Depois de muito escolher, Joaninha, levou um esbelto triciclo multicolor, que na sua consciência de menina pespineta de 5 anos iria encher de inveja a sua amiga Carla.
O sol já ia murcho pelo horizonte, quanto a absolutamente exausta família chegou a casa. Obviamente que Joaninha, teve de ir de triciclo multicolor até ao andar da amiga apenas para lhe fazer inveja. “Já viste o meu triciclo novo, Carlinha?” “É giro não é?””Vamos dar uma voltinha na rua?” A amiga acedeu, embora renitente e com ar de quem adivinhava o que ia ouvir o resto da tarde.
O meu é isto, faz aquilo, toda a gente olha, é fantástico, maravilhoso, tira bicas, faz tostas, é o melhor…enfim, as horas passaram e Carlinha já não aguentava mais. De lágrimas a aflorar os olhos, Carlinha escutou na voz da mãe, que a chamava para jantar, a salvação daquele momento absolutamente constrangedor. Nunca mais se falaram. Carlinha acabou por se mudar nesse mesmo verão, devido a uma proposta de trabalho que o pai teria arranjado no norte do país.
Passaram os anos, sararam as mágoas, e por obra daquele personagem, muito falado mas nunca identificado, foram novamente juntas pelo tal destino. Os velhos tempos, vieram a baila, passaram uma borracha sobre o assunto e seguiram em busca dos “triciclos” apropriados a sua idade, tiveram historias bem diferentes, com sortes bem distintas, que contarei num outro dia…e pensar que tudo isto poderá ter começado com um triciclo…

Comentários

Amorphico disse…
Gosto do que fazes com as palavras. Parabéns.

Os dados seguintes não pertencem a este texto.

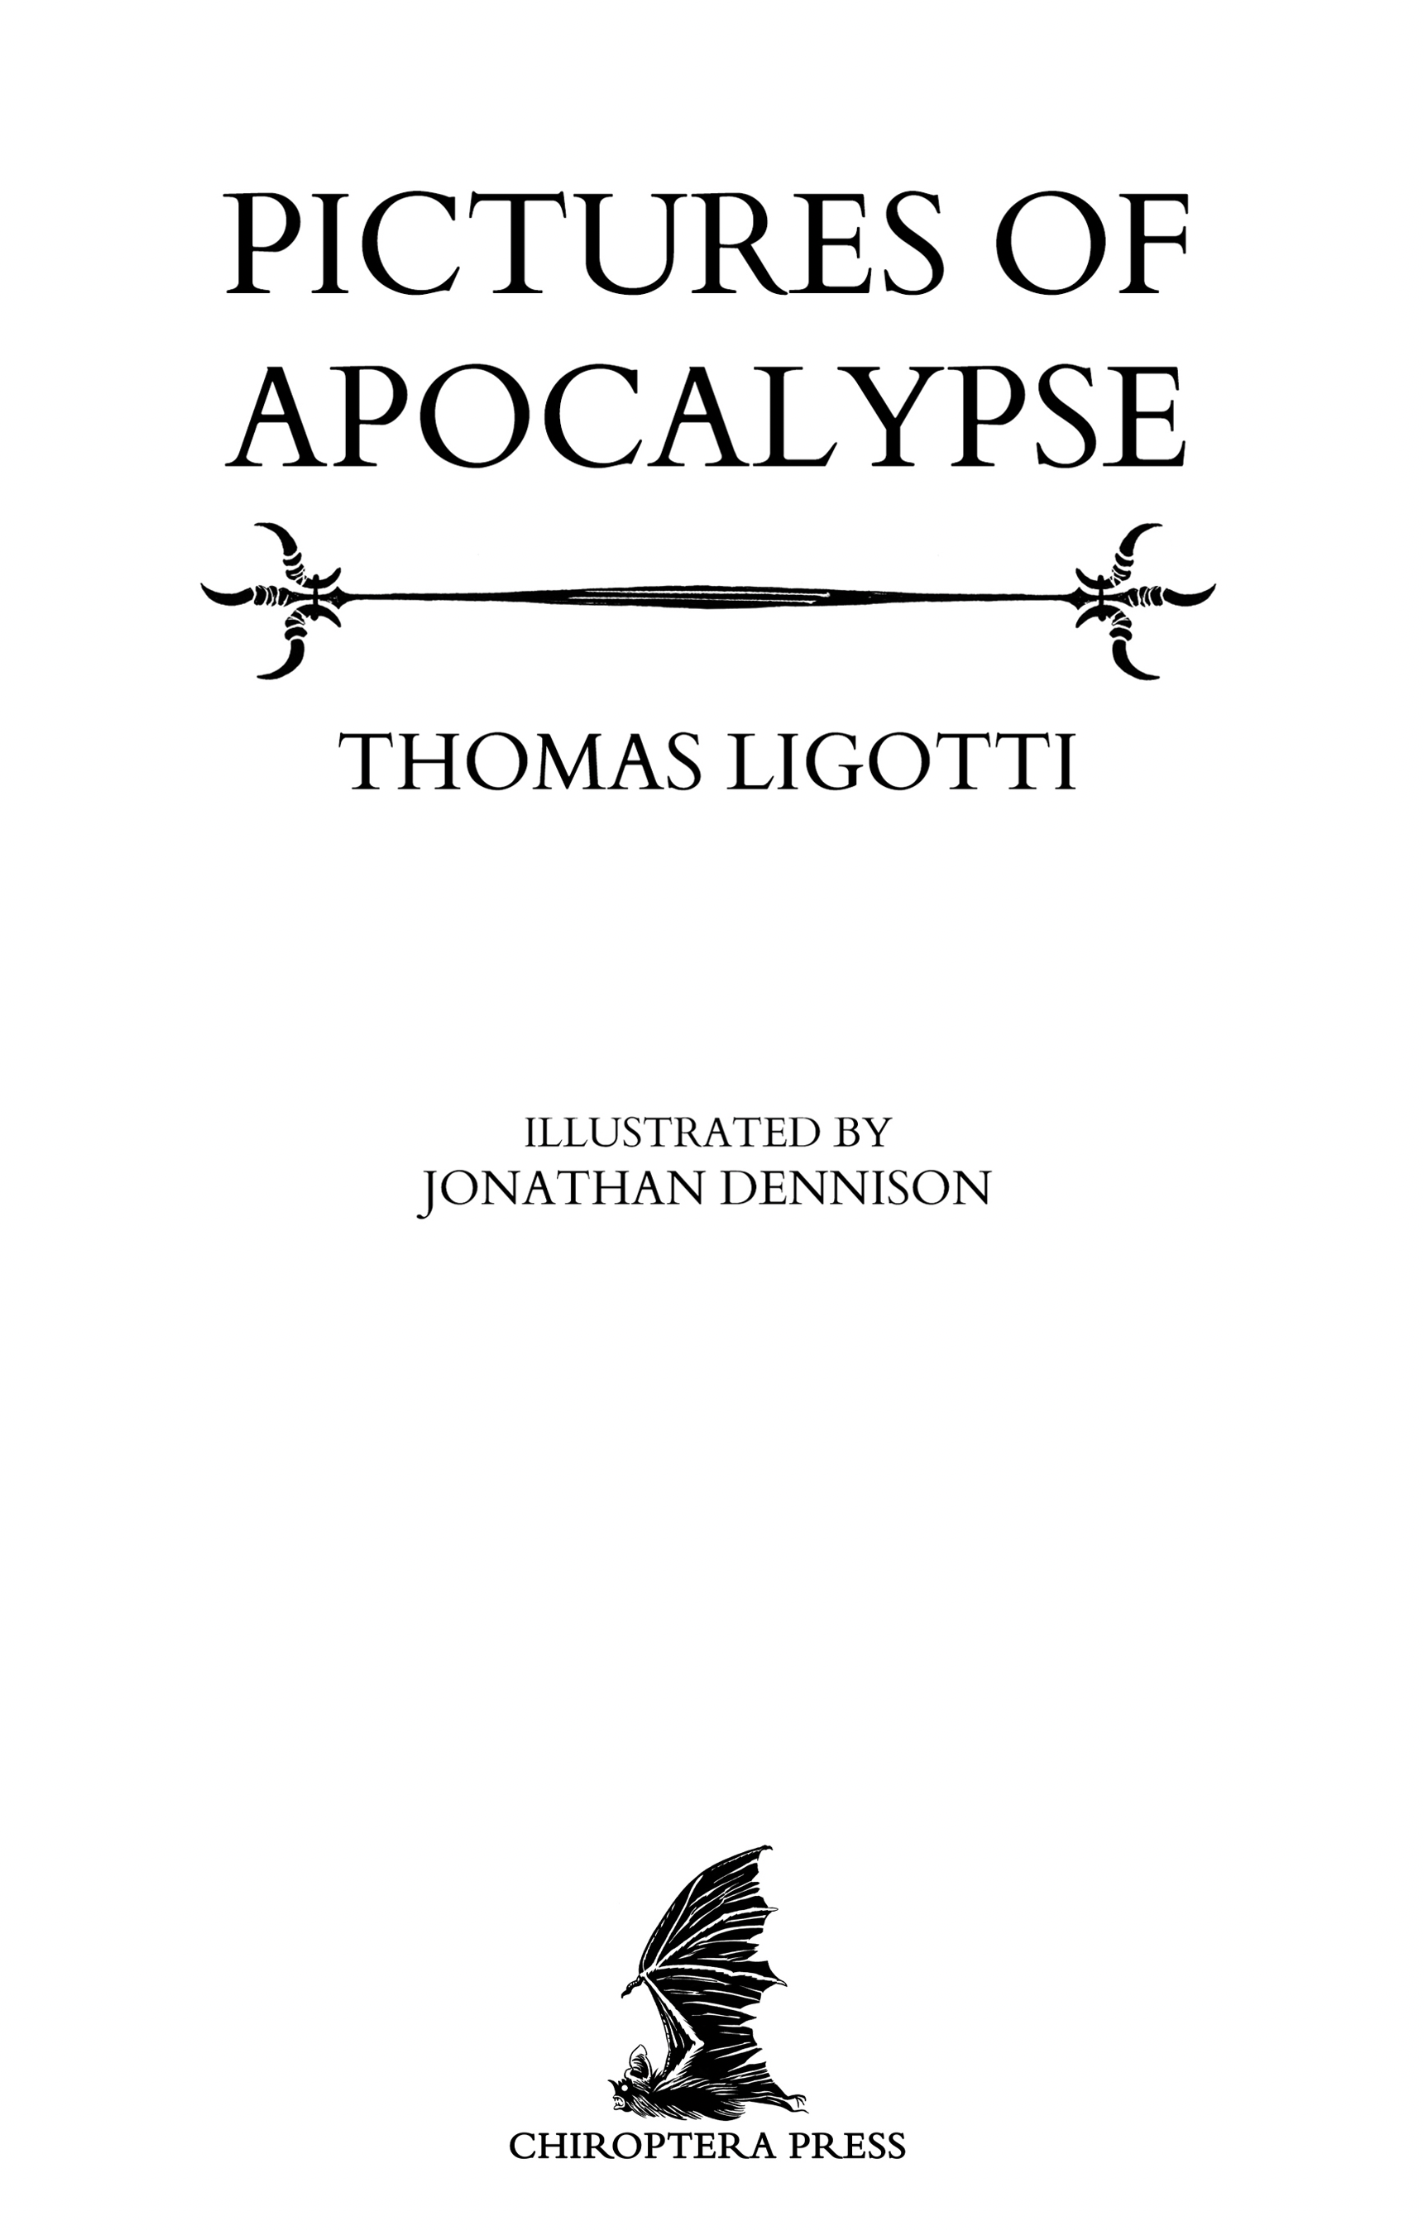 Pictures of Apocalypse by Thomas Ligotti - Signed and numbered slipcased edition

ps: "tira bicas, faz tostas" ?!?
vê lá o que é que a tua criança de cinco anos vai querer a seguir :)
Olavo disse…
Obrigado amorphico.
Eu gosto do que as palavras fazem comigo.
Sorrindo e caminhando, a vida vamos levando...
Amorphico disse…
Admirável a tua postura!

Faz-me lembrar:
"Não tenhas planos para a vida para não estragares os planos que a vida tem para ti."